What I have had in the past five years is a lot of failure. I dont care how positive you think, how much you try to motivate yourself, failure compounded by excuses makes John an insecure individual. Yuck, what a mess.
All I had to do was look in the mirror and that would make me feel even worse. I am sure a lot of you have been there and know what I am talking about. You feel so gosh darned out of place that you want to hole up in a corner and cry.
Enough with the sadness John.
I read a book, actually listened to it on CD. It's called "Excuse Me, Your Life Is Waiting. In my listening/reading the author challenged us to an interesting exercise. Every day for thirty days write one really good, great, and wonderful thing about yourself. Take that one thing and throughout your day think about it.
Let me tell you its tough. Every morning I'd get stressed. What else is there about me that's good? I made it through and now part of my morning ritual is to read all thirty things, out loud, to myself.
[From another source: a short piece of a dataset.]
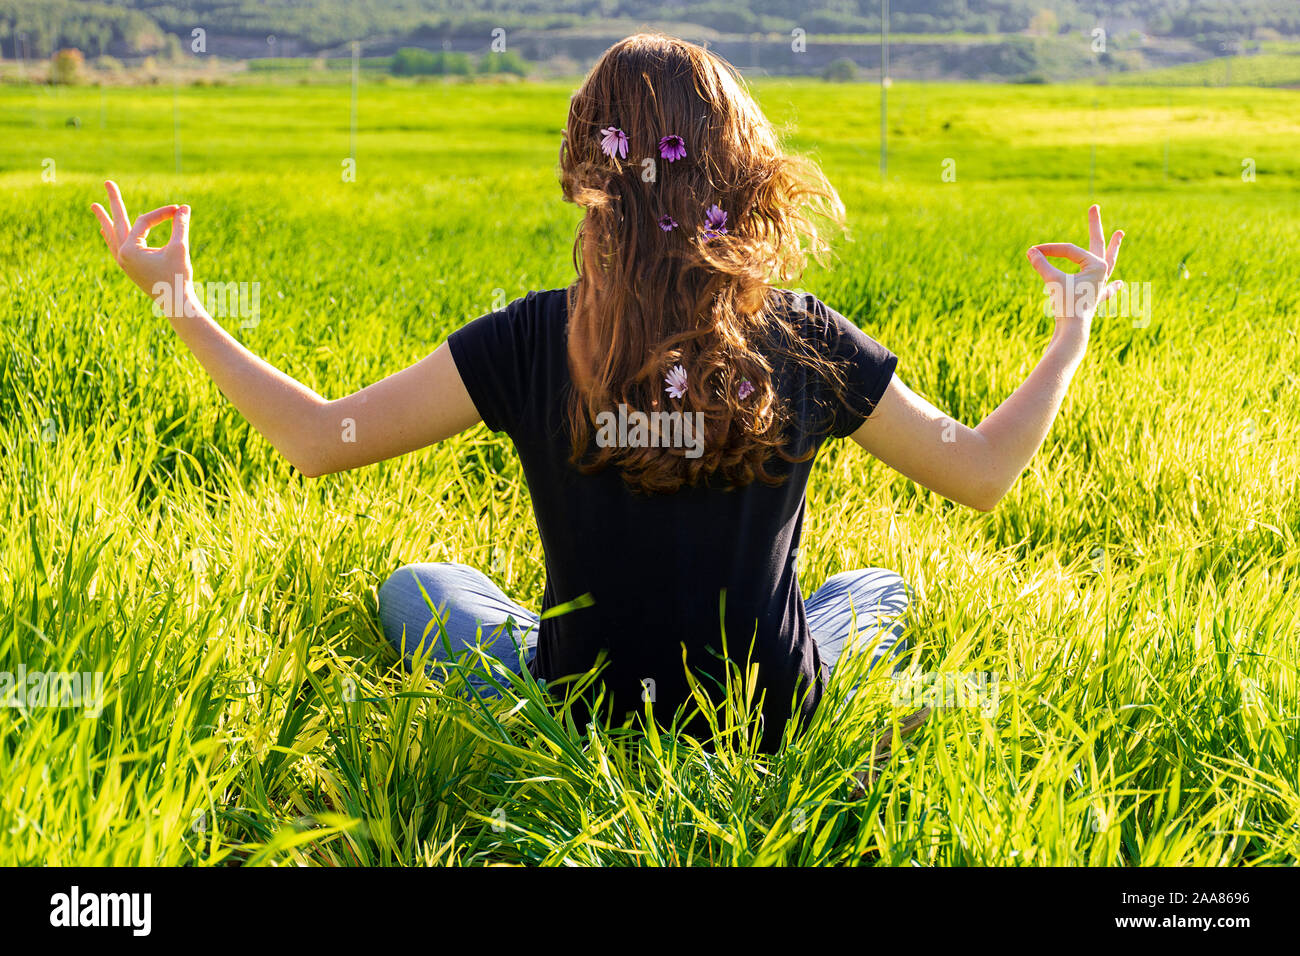 Junge kaukasier Frau rot - mit Sommersprossen blonde, ruht auf der grünen Wiese am Frühling Sonnenuntergang, sitzen in einem Yoga Position. Meditation, Achtsamkeit, entspannen Stockfoto

I put a little bit of background music to it. They are not all serious things. I have fun stuff about me also. I am a most excellent cook. I sing very well. I play a mean set of drums. By the end of the list I am inspiring me. Who is this really cool guy????
It increases my capacity to give to others but most importantly it increases my capacity to take. That's right, take. I have participated in things similar to spark.com in the past but not without the overwhelming support I receive from everyone I have gotten to know and will get to know. I cannot do this alone and neither can you. But if I dont feel good about me I am useless to you. and if I dont feel I am worth it all how in the name of all that is holy can I allow you to give to me?
One thing about you each day for thirty days. Very tough. At the end you start seeing all those wonderful things in other people.
Thank all of you for being who all of you are.
If you'd like my list to get an idea of what I am talking about let me know and I'll
Spark mail it to ya.
Have a good day. A good day is any day that you're alive.